Havensingel en Van der Does de Willeboissingel

afbeelding binnen de regeling

Bijlage II Te gebruiken daklicht (zoals bedoeld in artikel 8)

afbeelding binnen de regeling

In het deel waar “Naam taxibedrijf” staat heeft de chauffeur vrije ruimte om iets te plaatsen. Dit mag bijvoorbeeld de bedrijfsnaam, een logo of het woord “taxi” zijn.

Bijlage III Sanctiematrix

Categorie 1: lichte overtredingen

Stappenplan:

Stap 1: Waarschuwen

Stap 2: Opleggen last onder dwangsom

Stap 3: Verbeuren dwangsom

Stap 4: Intrekken vergunning

Toelichting stappenplan:

  • 1.

    Na de eerste overtreding wordt een schriftelijke waarschuwing gegeven. De ondernemer ontvangt hiervan een brief. Omdat dit geen besluit is, kan hiertegen nog geen bezwaar worden gemaakt.

  • 2.

    Na de tweede overtreding (binnen één jaar na de waarschuwing) wordt een last onder dwangsom opgelegd. Op grond van artikel 4:8 van de Algemene wet bestuursrecht (Awb) moet de betrokkene in de gelegenheid worden gesteld om een zienswijze naar voren te brengen. De zienswijzetermijn bedraagt twee weken nadat het voornemen bekend is gemaakt. De last onder dwangsom bij deze lichte overtredingen wordt opgelegd voor de periode van één jaar. De hoogte van de dwangsom is hieronder per overtreding toegevoegd.

  • 3.

    Bij de derde, vierde en vijfde overtreding wordt de dwangsom verbeurd. Een dwangsom kan worden verbeurd in de periode dat nog bezwaar kan worden gemaakt teegen de opgelegde last onder dwangsom (ofwel: het besluit nog niet onherroepelijk is). Voordat het invorderingsbesluit wordt genomen, wordt de betrokkene op grond van artikel 4:8 van de Awb in de gelegenheid gesteld een zienswijze naar voren te brengen.

  • 4.

    Bij de zesde overtreding wordt de verguning ingetrokken. Voorafgaand aan dit besluit kan de betrokkene vooraf een zienswijze kenbaar maken op grond van artikel 4:8 Awb. De termijn hiervoor is twee weken.
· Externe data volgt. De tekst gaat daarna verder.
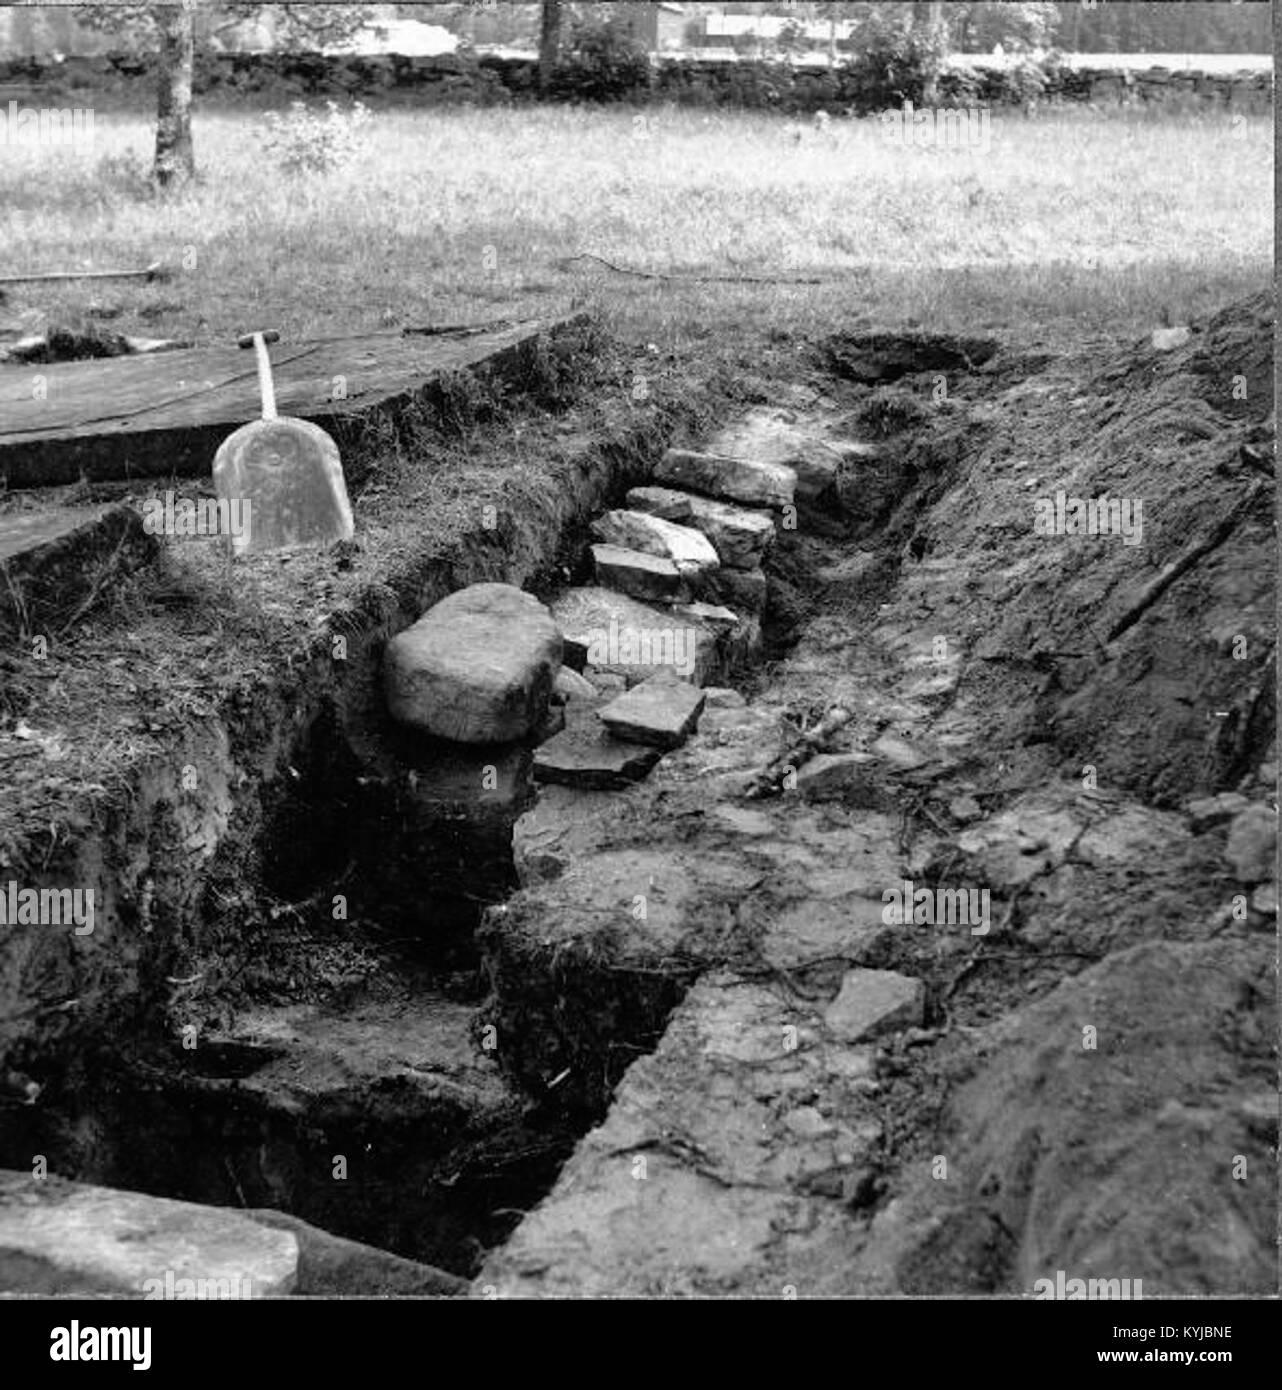 Stora Kils kyrkogrd in Kil, Vrmlands ln - Find A Grave

Dit stappenplan geldt voor de volgende overtredingen:

  • .

    Vanaf een taxistandplaats besteld taxivervoer aanbieden (art. 3, lid 5 verordening)

    Hoogte dwangsom: € 1.000 per overtreding

  • .

    Overtreden van voorschriften of beperkingen die aan de vergunning zijn verbonden (art. 9, lid 2 verordening)

    Hoogte dwangsom: € 1.000 per overtreding

  • .

    Niet tonen van vergunning, volledige chauffeurskaart en/of rijbewijs (art. 13 verordening)

    Hoogte dwangsom: € 1.000 per overtreding

  • .

    Regels over herkenbaarheid voertuig, info over klantbeoordelingssysteem en/of klachtenregeling overtreden (art. 8 nadere regels)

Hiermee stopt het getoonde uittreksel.